Tuesday, July 28, 2015

Finding Home

Home has always been an elusive word for me. We moved so often when I was young that I can‟t remember all the places. I went to more than 14 schools in different states before I graduated from High School.

Our addicted family was full of dysfunction.  My parents'  rage made it hard for them to keep jobs. With daily name-calling, inability to take criticism, and feeling "better than‟ others, my parents'  fighting would escalate and we would eventually leave town to start new someplace else.  But the trouble always followed us.

I left home at 18 to go to college.  How I even had the ambition to do that I'll never know.  They didn't even get off the couch to say goodbye to me when I left.  In spite of my family (not because of their support, which was non-existent) I became successful.  I was driven by a need to survive, and I was addicted to excitement.

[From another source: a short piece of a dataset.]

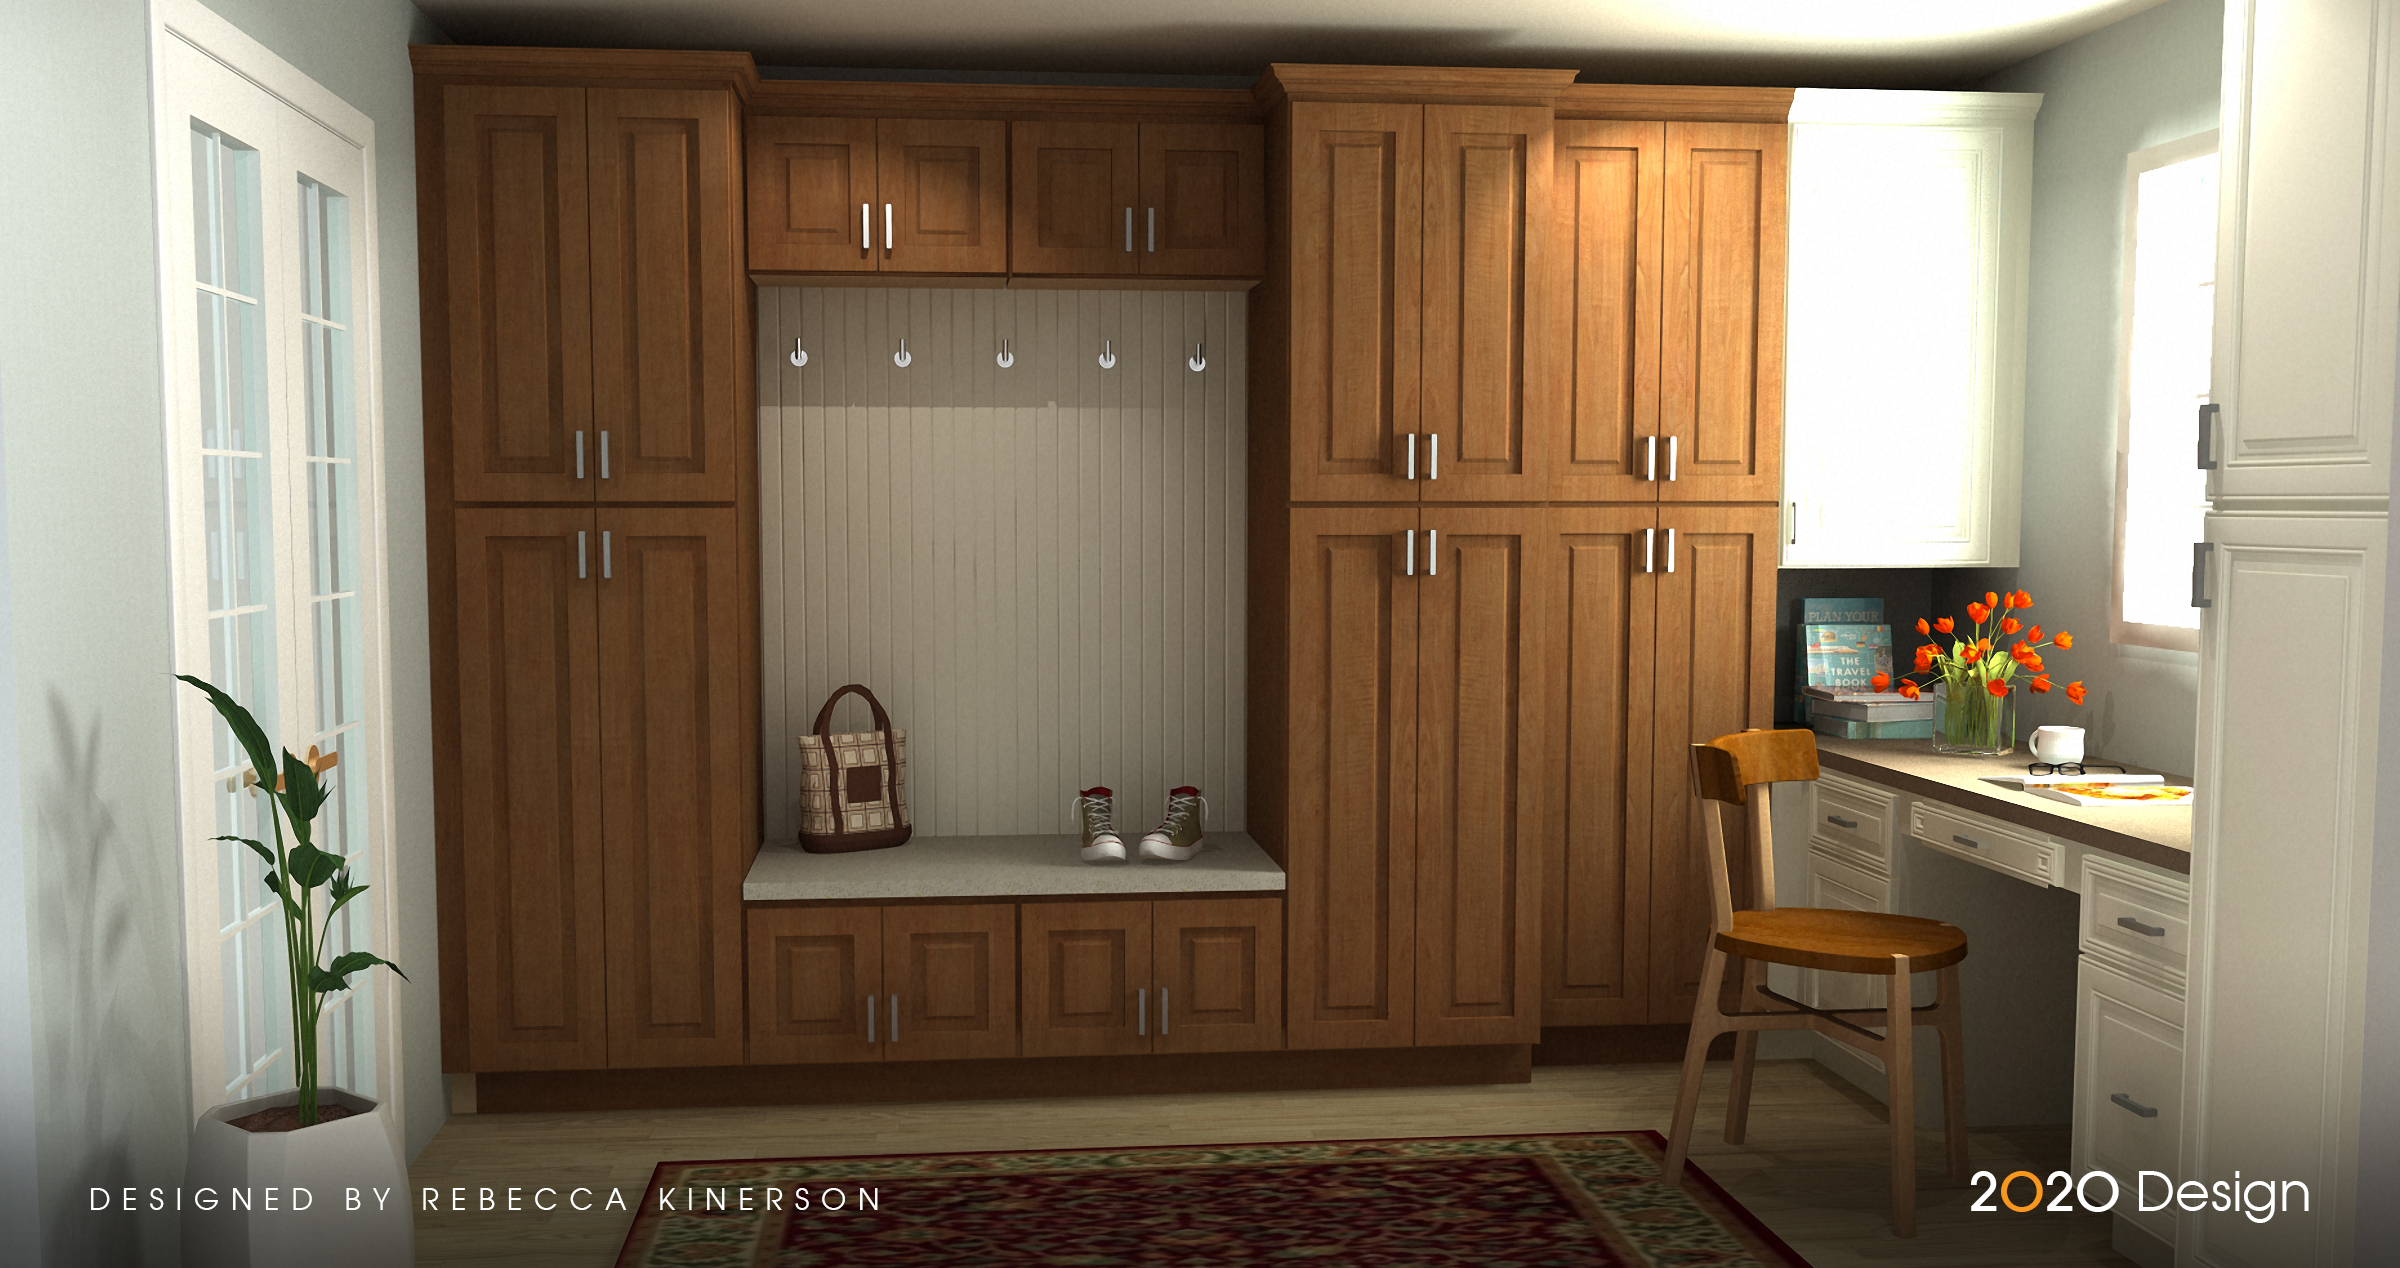 Beyond The Closet Designing Alternative Storage Solutions Woodworking Network

I pushed myself at a relentless pace to create a secure place for myself that I never felt in childhood.  I continually moved apartments and houses recreating my family drama in my relationships.  I didn't fit in.  I never felt good enough.  I lived my life from the view point of a victim and confused love with pity,  picking people I could take care of and control.  I judged myself without mercy.  I complained continually to friends and was easily brought to anger.  People in my life would often disappear.  I wore them out.
The excitement of a big city wasn't enough anymore;  I was divorced, alone, and still looking for my “home”.  It was only inevitable that I became my father in the workplace. Everyone was dumber than me. I couldn't accept reviews of my work, and I felt superior and angry when others received accolades and I didn't.  I quit or was fired from several positions.

Ultimately, my journeys came full circle, and I found myself back in the small town where I started my independent life.  How did this happen?  I thought that coming home would be different.  I thought that I would be a star in this small community. I,however, found the attitudes that were acceptable in a big city were offputting and cocky for a small town.  I struggled to fit in.  Again.

It was after the second failed job and another bottom that I found ACA.  Coming to that first meeting,  I was down on my knees begging for something to end the pain of the last 30 years of my life.  As we went around the circle I heard people talking,  but it could have been my voice. We shared similar yet different childhoods.  We all related to the Laundry List.

I'm finally learning that my anger has come from years of unmet needs and was an easy, familiar function.  I'm learning how to free myself from shame and blame.  My actual parent is my Higher Power.

“Home is not where you live, but where they understand you.”

It took 14 states and more than 20 houses but finally, with ACA, I have found my home. I work the Steps, I work the program, and I won‟t run away from this one.